Getting Labels in a Tensorflow Image Classification


I am doing image classification by following this TensorFlow tutorial and loading my own dataset from Gdrive. Now I want to plot the confusion matrix. First, I predicted labels for the validation dataset:

val_preds = model.predict(val_ds)

but I am not sure how to get original labels to compare the prediction to them. I have tried different methods but I got very low accuracy so I know labels are not what they should be.

val_ds_labels = np.concatenate([y for x, y in val_ds], axis=0)

This gives me an accuracy of 0.067 while the below gives me an accuracy of around .70.

epochs = 10
history=model.fit(train_ds, epochs=epochs, validation_data=val_ds)

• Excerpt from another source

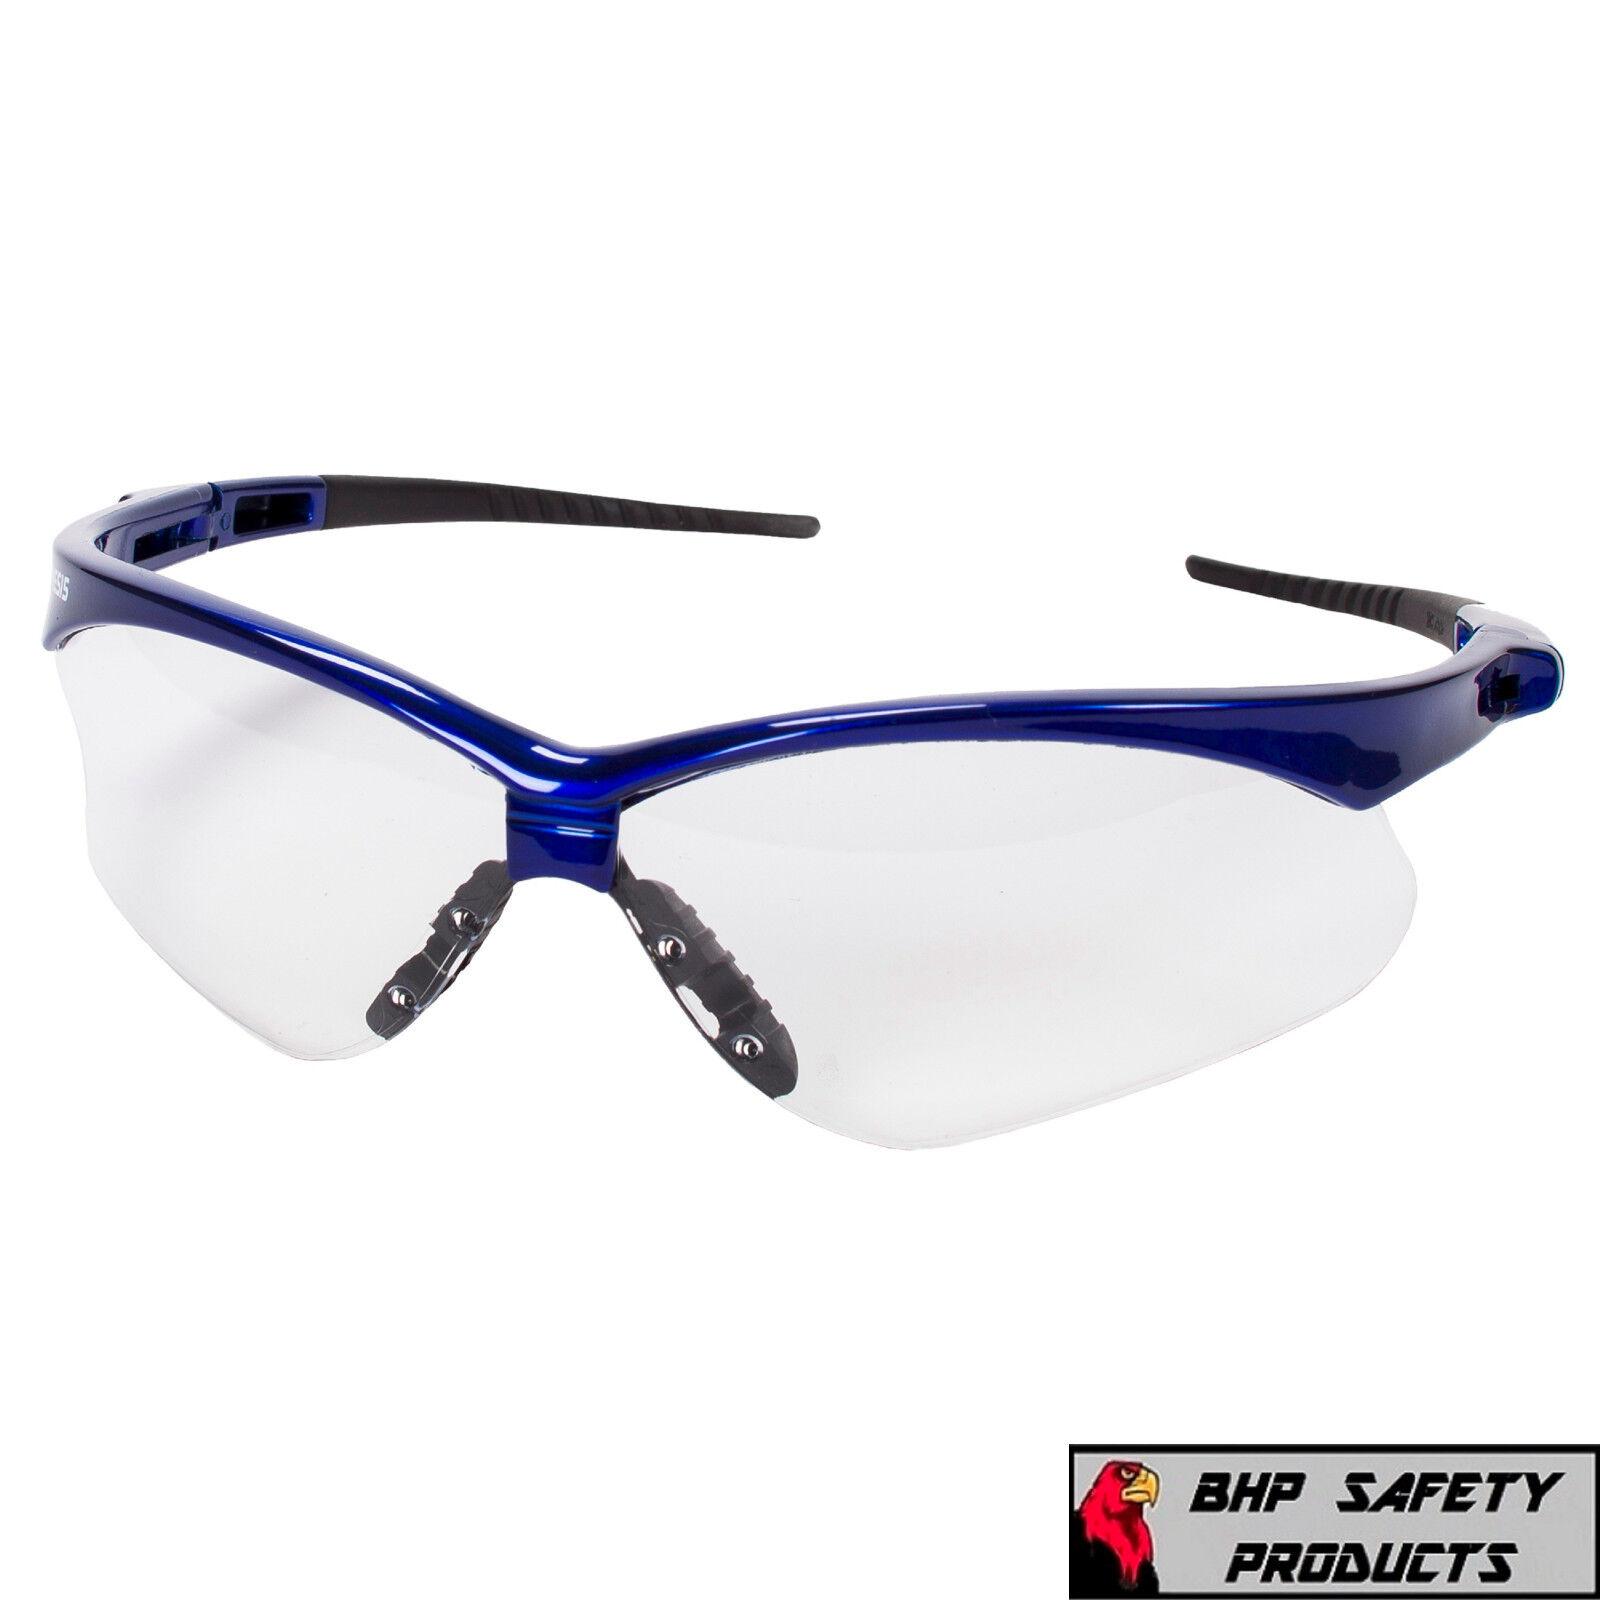 JACKSON NEMESIS SAFETY GLASSES SUNGLASSES SPORT WORK EYEWEAR - VARIETY PACKS 47384- Blue Frame/Clear AF Lens
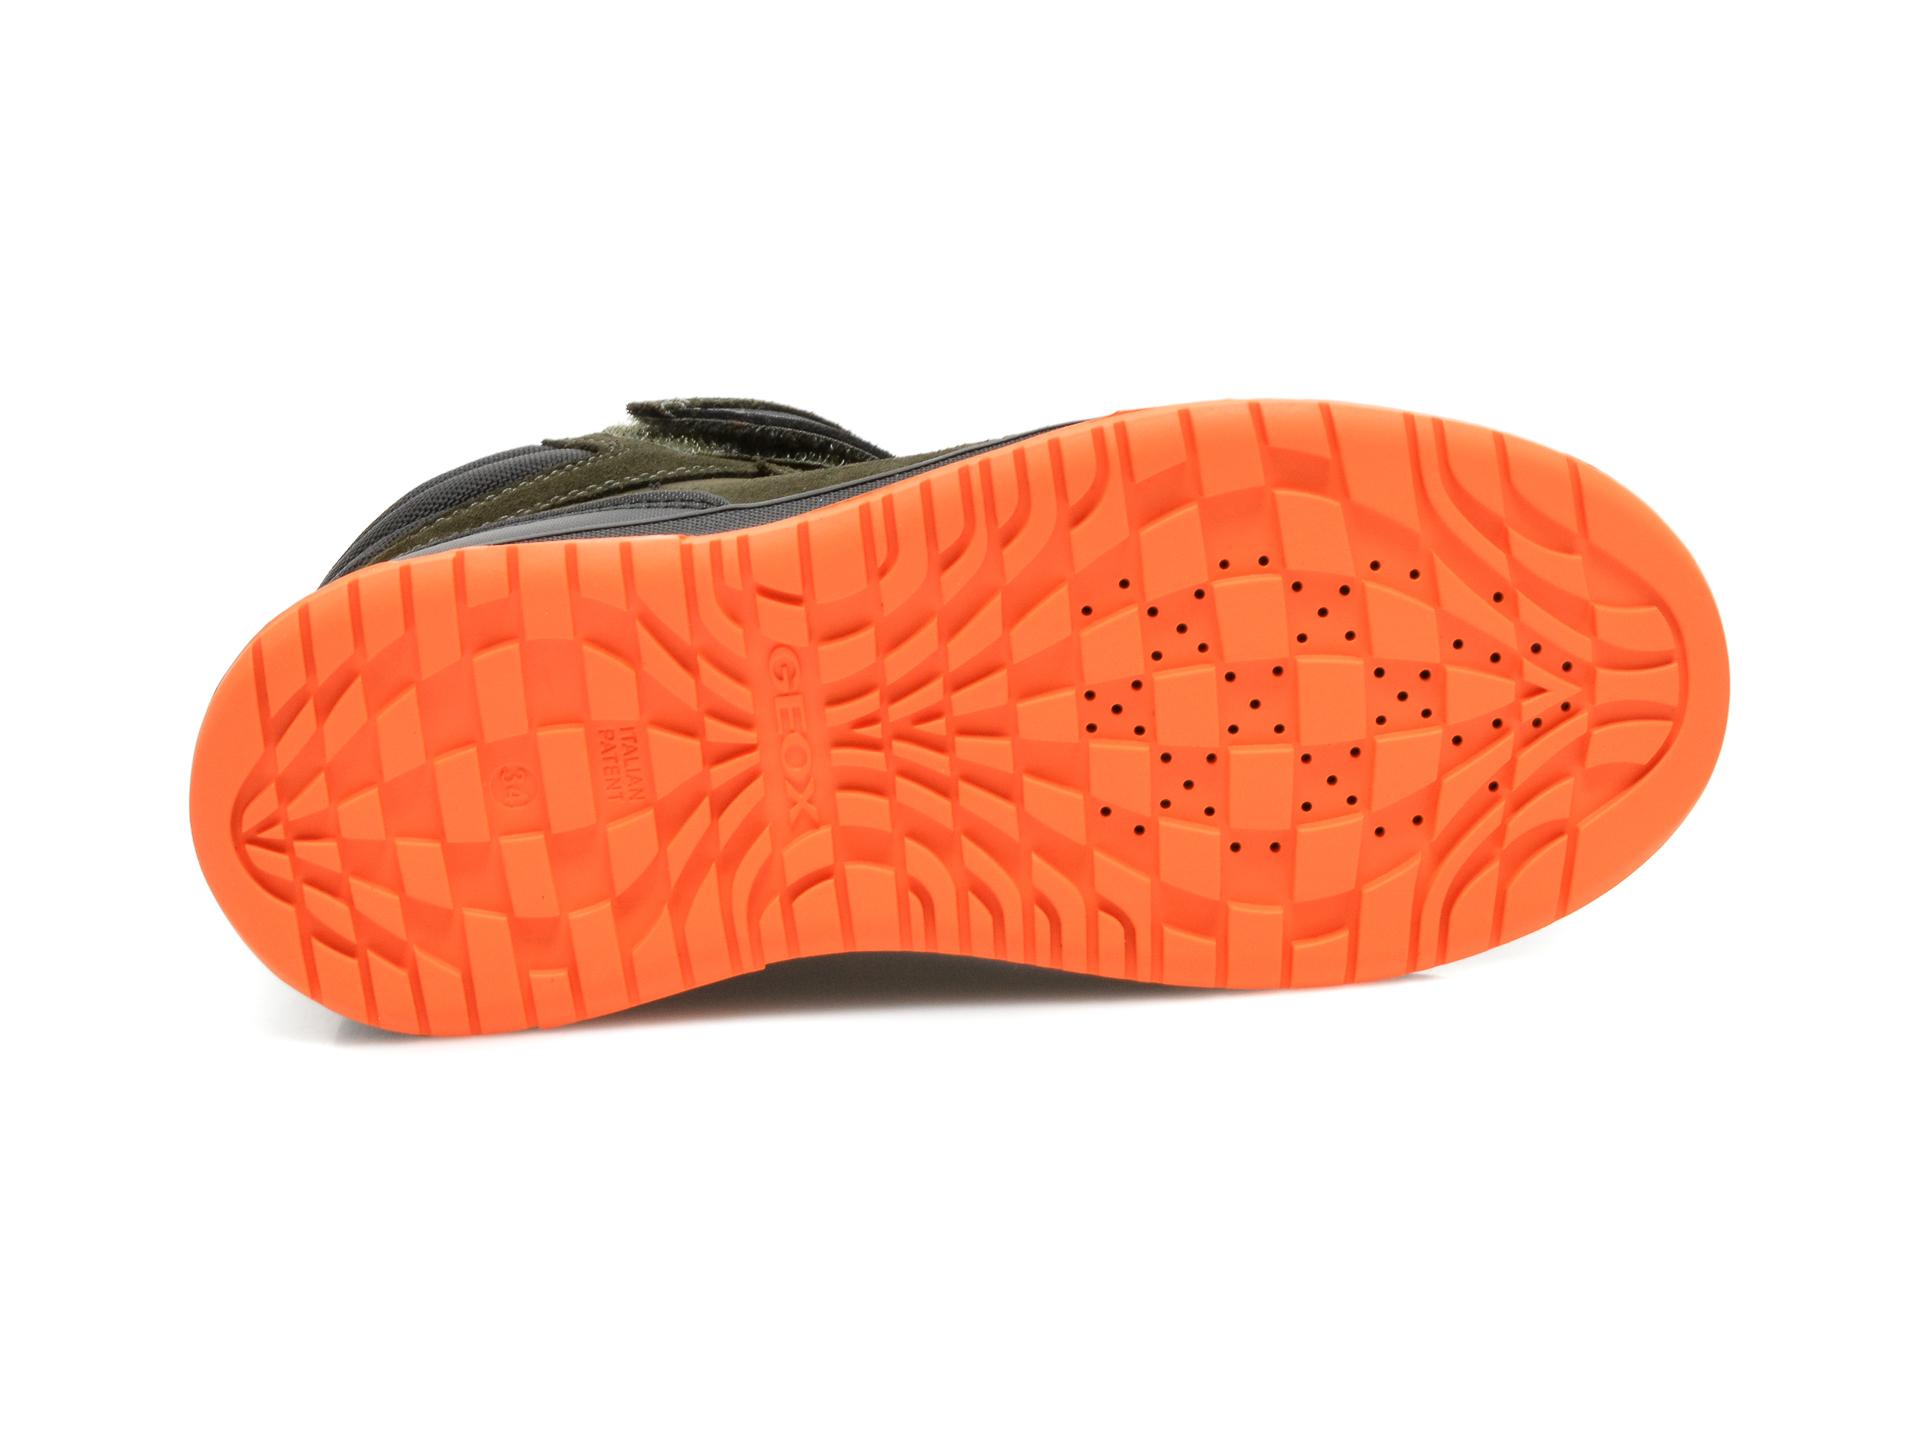 Ghete GEOX kaki, J16FDA, din piele naturala - 7

Here is how I created the validation and training dataset:

train_ds = tf.keras.preprocessing.image_dataset_from_directory(
    "images",
    validation_split=0.2,
    subset="training",
    seed=123,
    image_size=image_size,
    batch_size=batch_size,
    label_mode='int'
)
val_ds = tf.keras.preprocessing.image_dataset_from_directory(
    "images",
    validation_split=0.2,
    subset="validation",
    seed=123,
    image_size=image_size,
    batch_size=batch_size,
    label_mode='int'
)
train_ds = train_ds.prefetch(buffer_size=32)
val_ds = val_ds.prefetch(buffer_size=32)

Then created the model and compile it:

model.compile(
    optimizer=keras.optimizers.Adam(),
    loss=keras.losses.SparseCategoricalCrossentropy(from_logits=True),
    metrics=[keras.metrics.SparseTopKCategoricalAccuracy(k=1)],
)

and fit

epochs = 10
history=model.fit(train_ds, epochs=epochs, validation_data=val_ds)

I have 22 labels.

val_preds = model.predict(val_ds)

Solution

  • After training, get the true labels of the validation set as follows:

    epochs=5
    history = model.fit(
      train_ds,
      validation_data=val_ds,
      epochs=epochs
    )
    
    ....
    ....
    Epoch 4/5
    20ms/step - loss: 0.6368 - accuracy: 0.7613 - val_loss: 0.9294 - val_accuracy: 0.6185
    Epoch 5/5
    20ms/step - loss: 0.4307 - accuracy: 0.8531 - val_loss: 0.9552 - val_accuracy: 0.6635
    
    # get the labels 
    predictions = np.array([])
    labels =  np.array([])
    
    for x, y in val_ds:
      predictions = np.concatenate([predictions, np.argmax(model.predict(x), axis=-1)])
      labels = np.concatenate([labels, y.numpy()])
    
    predictions[:10]
    array([0., 4., 3., 0., 3., 4., 2., 4., 4., 0.])
    
    labels[:10]
    array([0., 4., 3., 0., 3., 4., 1., 2., 4., 0.])
    
    m = tf.keras.metrics.Accuracy()
    m(labels, predictions).numpy()
    # 0.66348773